The most amusing quote in the entire article is this (emphasis mine): > This gro...

sfink · on Jan 13, 2020

> And the complaint doesn't even make sense if taken at face value - if all strings in Mercurial are byte strings, then what is there to think about? just use b'' throughout, no need to worry about anything else.

The article directly answers that question. Many, many things in the standard library now only accept unicode strings, not byte strings. So a wholesale change to b'' everywhere breaks lots of stuff.

> So the real complaint is that Python switched the defaults in a way that made bytes-centric code more complicated - because it has to be explicit now, instead of the Python 2 world, where bytes was the default, and Unicode had to be requested explicitly.

Once again, the article directly states that the default is not the problem. The lack of escape hatches is. Paths are not unicode strings, and pretending they are does not work. Using bytes when you need bytes works only until you need to call a library function that only accepts strings.

acdha · on Jan 14, 2020

Paths ARE Unicode strings on 99% of the computers with humans sitting in front of them. NTFS, HFS+, and APFS all use Unicode but more importantly, the experience of not using valid Unicode where that’s possible is horrible: undeletable files, crashes, etc. I’ve seen that many times over the years (it was popular with malware authors) but never a time where this was a desirable behavior.

The default should always be Unicode with only people writing low-level backup and security tools dealing with bytes.

jgraham · on Jan 14, 2020

This just isn't true. In Windows paths are UCS2 i.e. arbitary sequences of unicode code units, inclusing unpaired surrogates. This means that there are paths that will work on Windows but cannot be encoded as e.g. valid UTF-8. As a result Rust has a bespoke encoding just for representing Windows paths in a way that's compatible with UTF-8 ("WTF-8"). It also means that you can't make a guaranteed lossless conversion from a filesystem path to a Rust string; you have to handle the possibility of errors.

On Mac paths are some weird NFKD-ish thing, so equality comparisons are complicated.

As a rule, if you think that filesystem paths as easy then you're probably ignoring all the edge cases. In application where you don't deal with arbitary user files that's fine. In a programming language that's a huge design error.

int_19h · on Jan 14, 2020

This all - including complicated equality comparisons - is why paths should have their own dedicated type, and not just be raw strings. Thankfully, Python has had pathlib for a while now.

WorldMaker · on Jan 14, 2020

Paths are Unicode strings on Windows. Yes, POSIX adds a lot more spice to the mix, but if the intent is a cross-platform tool, then Unicode is a reasonable lowest-common-denominator assumption for filenames in 2020.

Conan_Kudo · on Jan 14, 2020

Paths are Unicode strings everywhere but Unix/Linux. And I would even argue that this is a broken aspect of POSIX today.
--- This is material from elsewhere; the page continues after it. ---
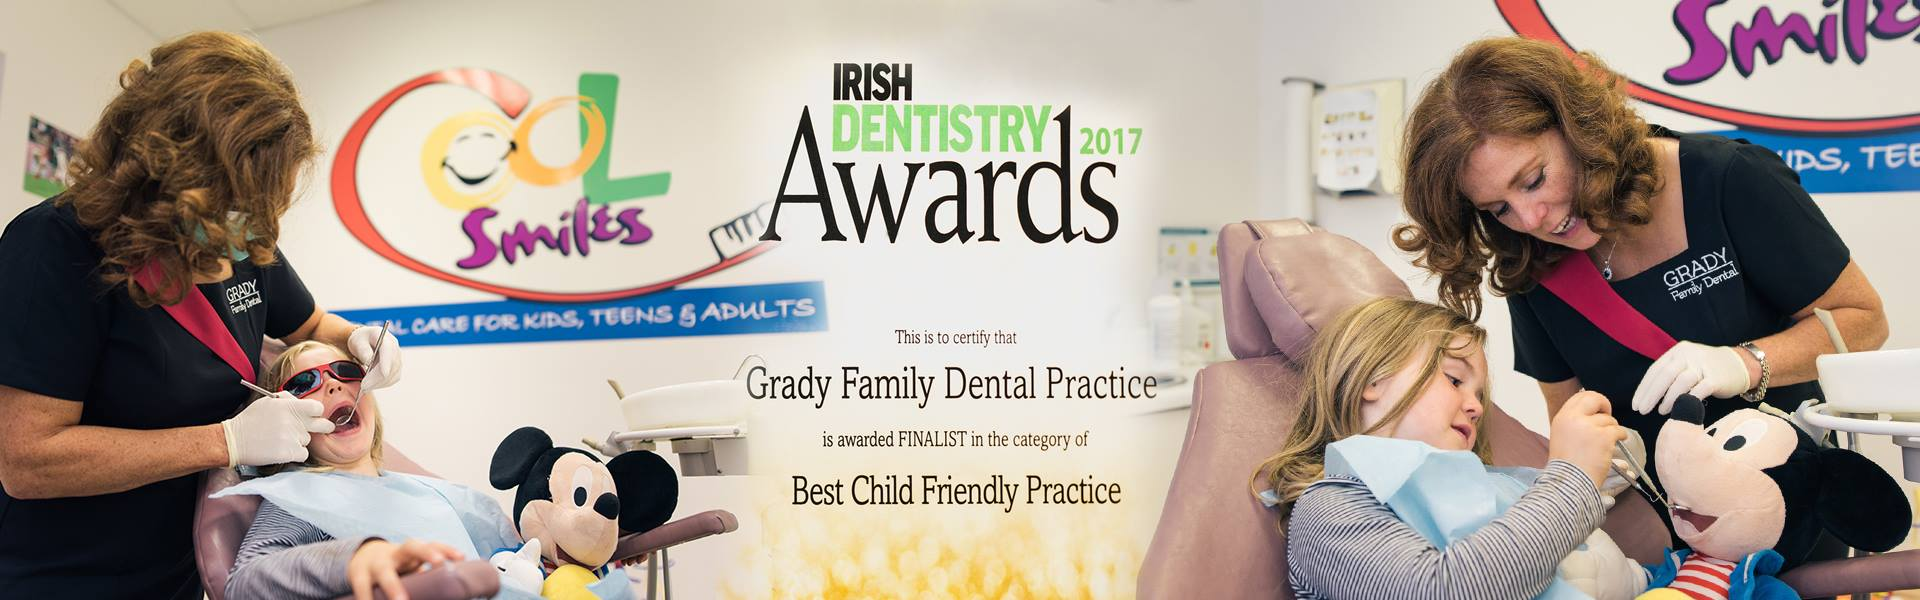 Grady Family Dental Practice - banner2

We should make Unicode the baseline for paths in POSIX-compliant systems, but there's probably too much hand-wringing for that to ever happen.

ygra · on Jan 14, 2020

Paths are sequences of 16-bit values on Windows, not necessarily valid UTF-16. It's basically the same as in POSIX, just one byte wider per character.

markbnj · on Jan 13, 2020

> if all strings in Mercurial are byte strings, then what is there to think about? just use b'' throughout, no need to worry about anything else.

The author explains later in the article that many system level python 3 apis that are important to a vcs require unicode and won't accept bytes. So apparently it wasn't as easy as just sticking 'b' in front of every literal.

int_19h · on Jan 13, 2020

Right. But that's a very different issue, and it's not at all about string literals as such.

Furthermore, the way they solve it - by using their own wrapper helpers that allow bytes - means that the end result should be b'' throughout, no?

phkahler · on Jan 13, 2020

>> So the real complaint is that Python switched the defaults in a way that made bytes-centric code more complicated

The author made it clear. The issue wasn't just that the default changed. It was that 3.0 took away the ability to always make your choice explicit.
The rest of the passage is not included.